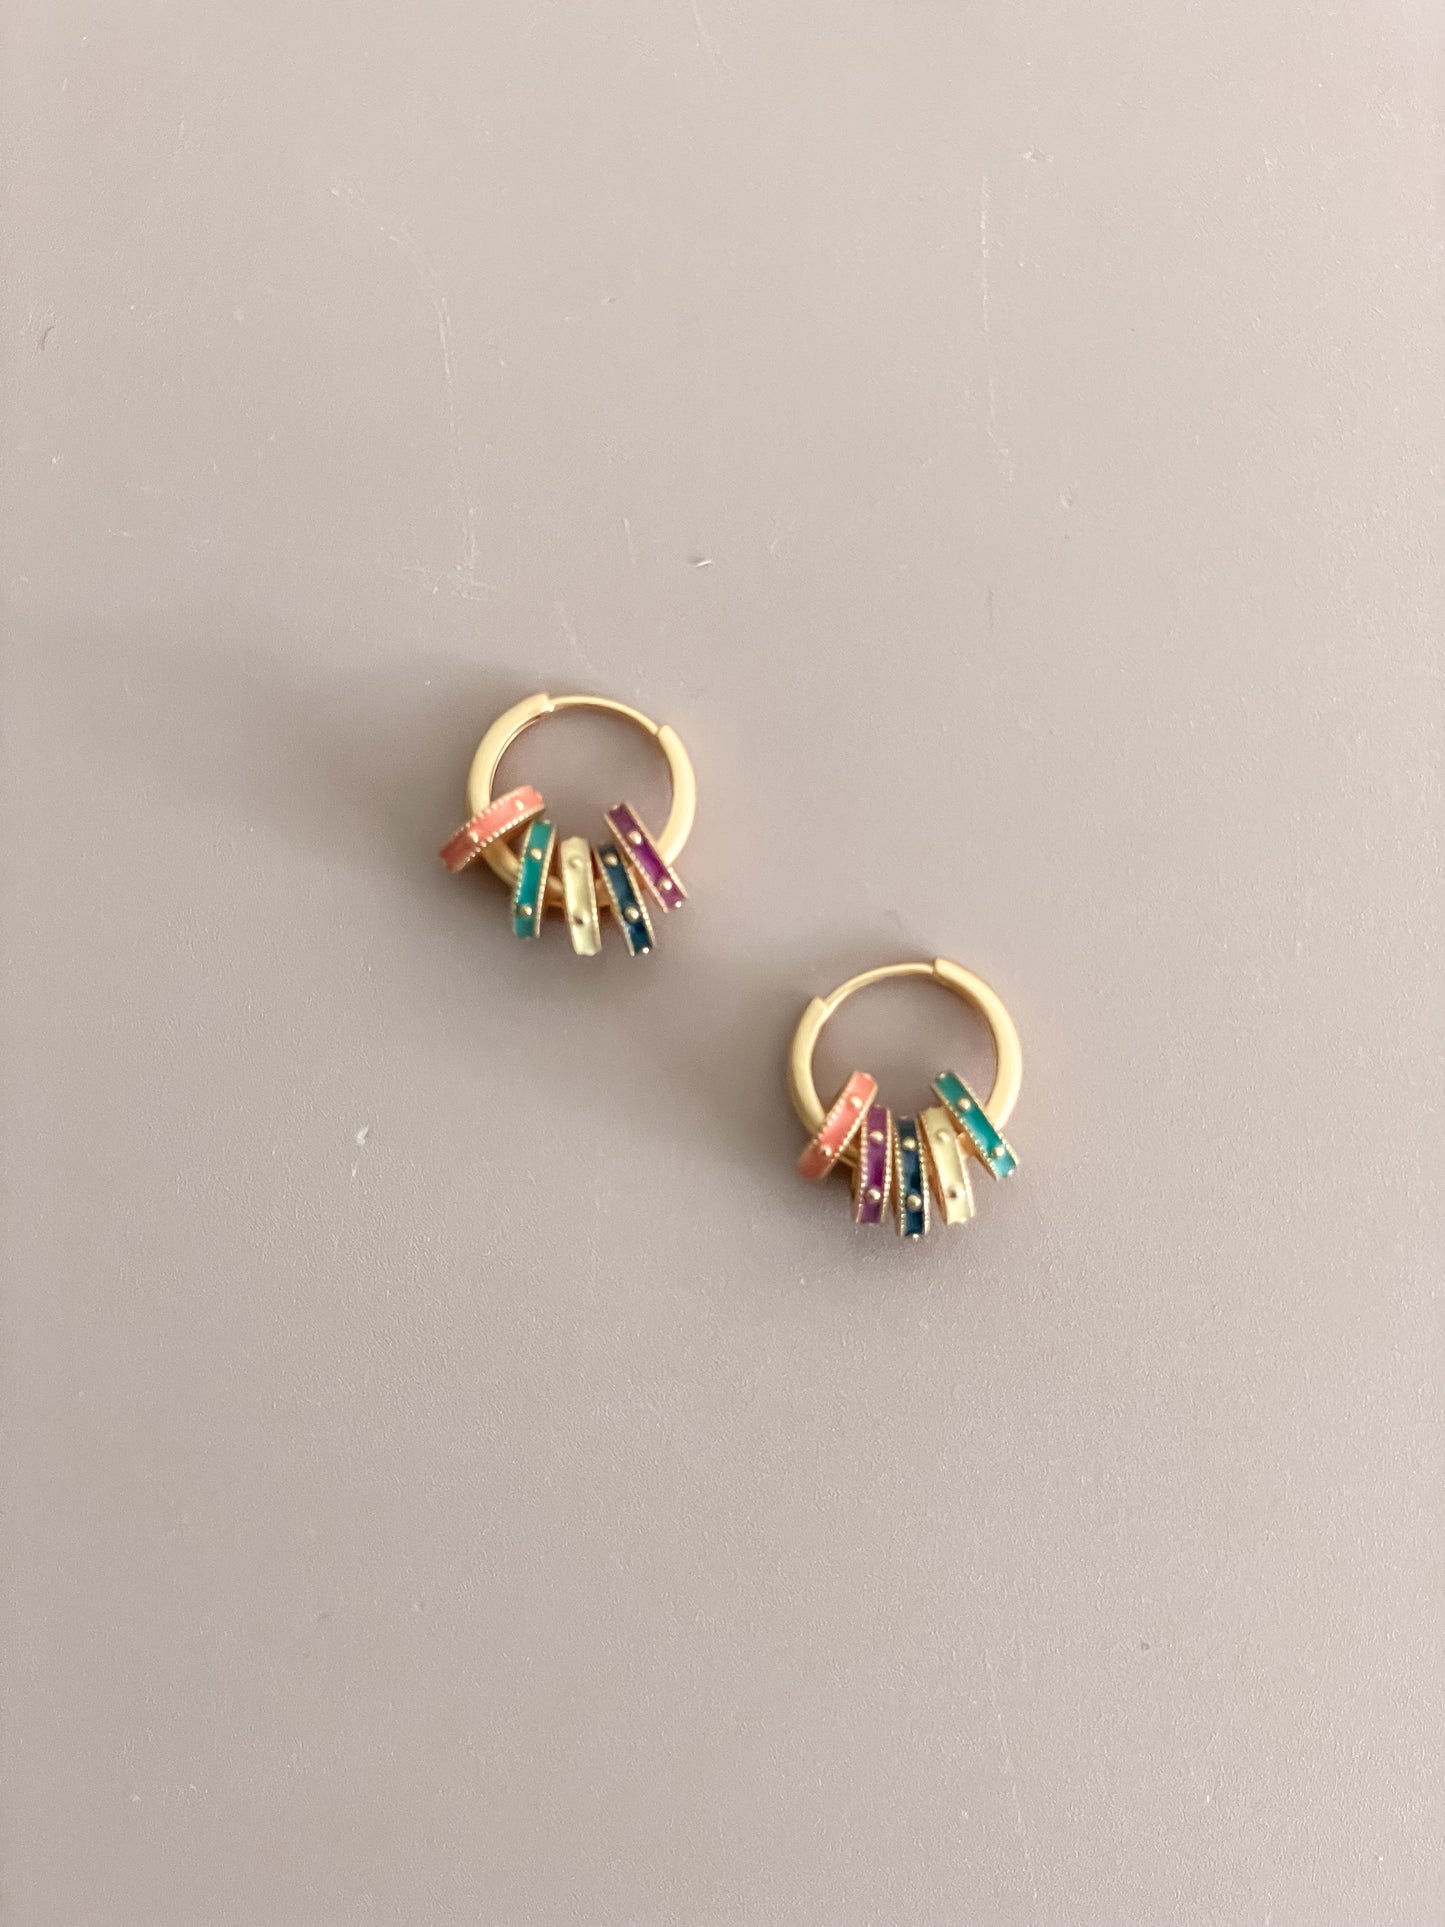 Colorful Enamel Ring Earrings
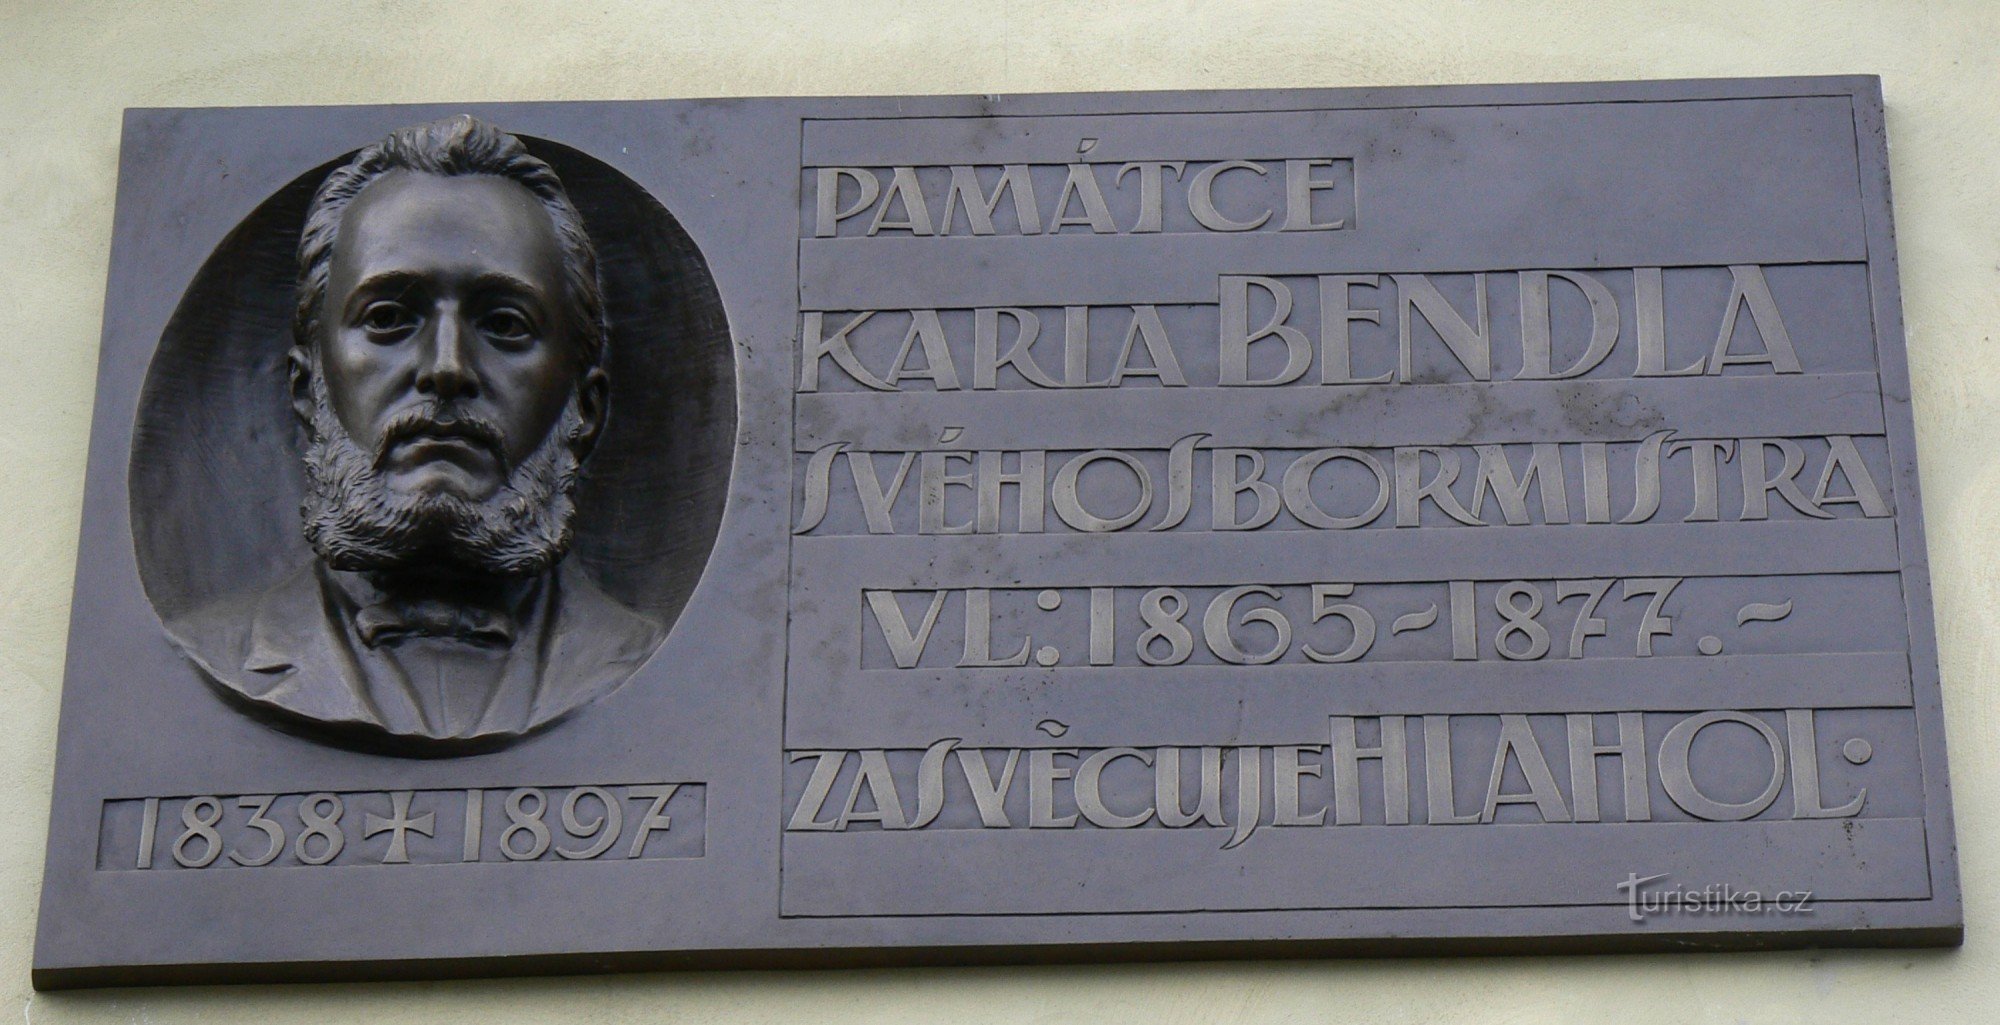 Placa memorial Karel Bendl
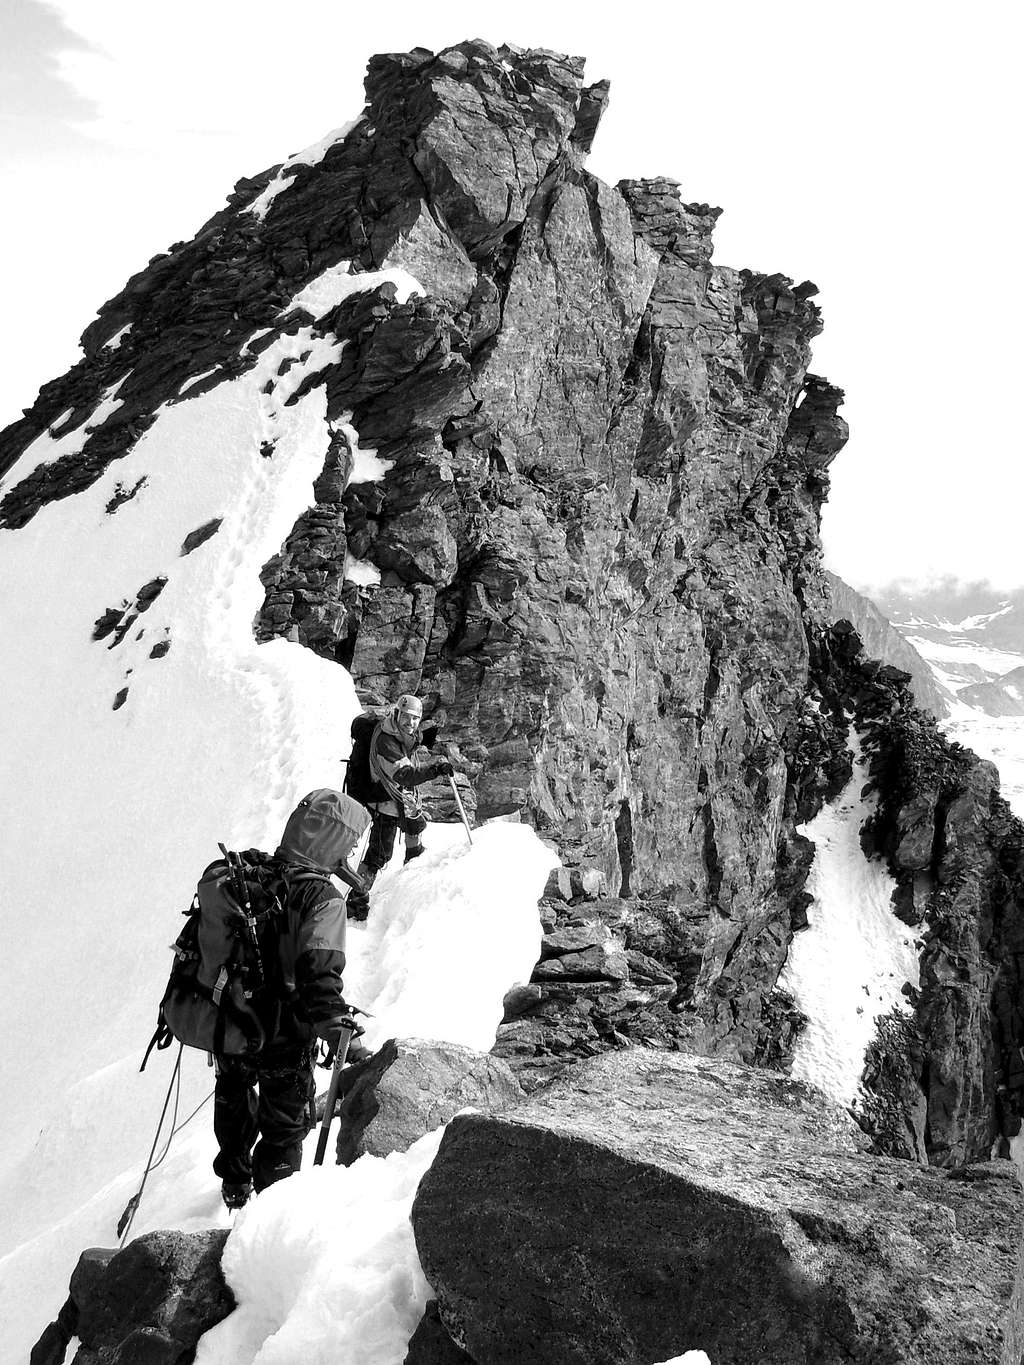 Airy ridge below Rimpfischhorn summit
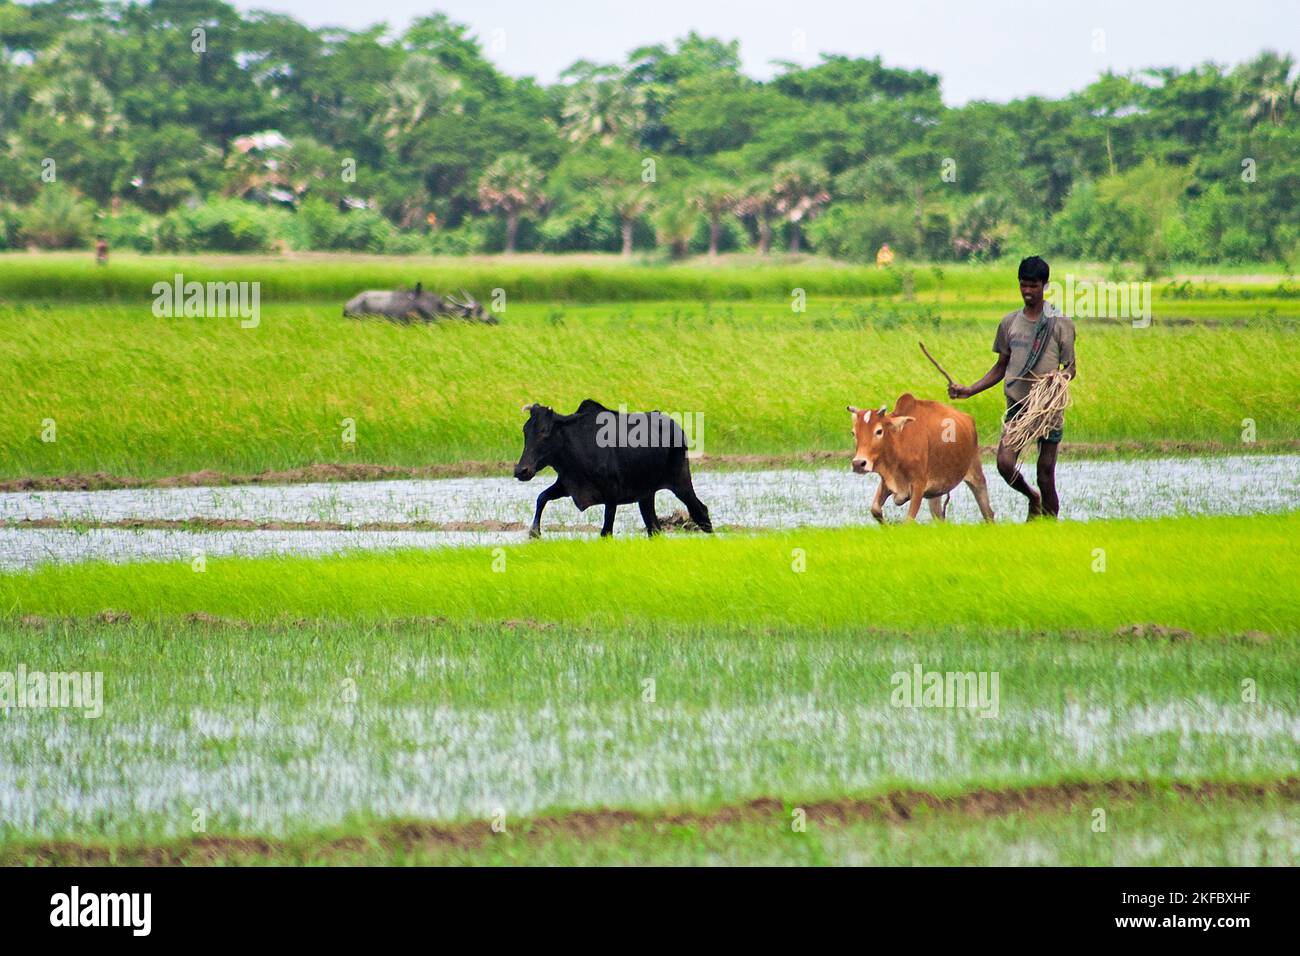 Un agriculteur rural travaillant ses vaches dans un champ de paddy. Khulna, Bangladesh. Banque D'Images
....
This task calls for the lines from the line containing "Placa memorial Karel Bendl" through the end of the listing, set down exactly and only, with pictures omitted.

 Placa memorial Karel Bendl
 Airy ridge below Rimpfischhorn summit
 Un agriculteur rural travaillant ses vaches dans un champ de paddy. Khulna, Bangladesh. Banque D'Images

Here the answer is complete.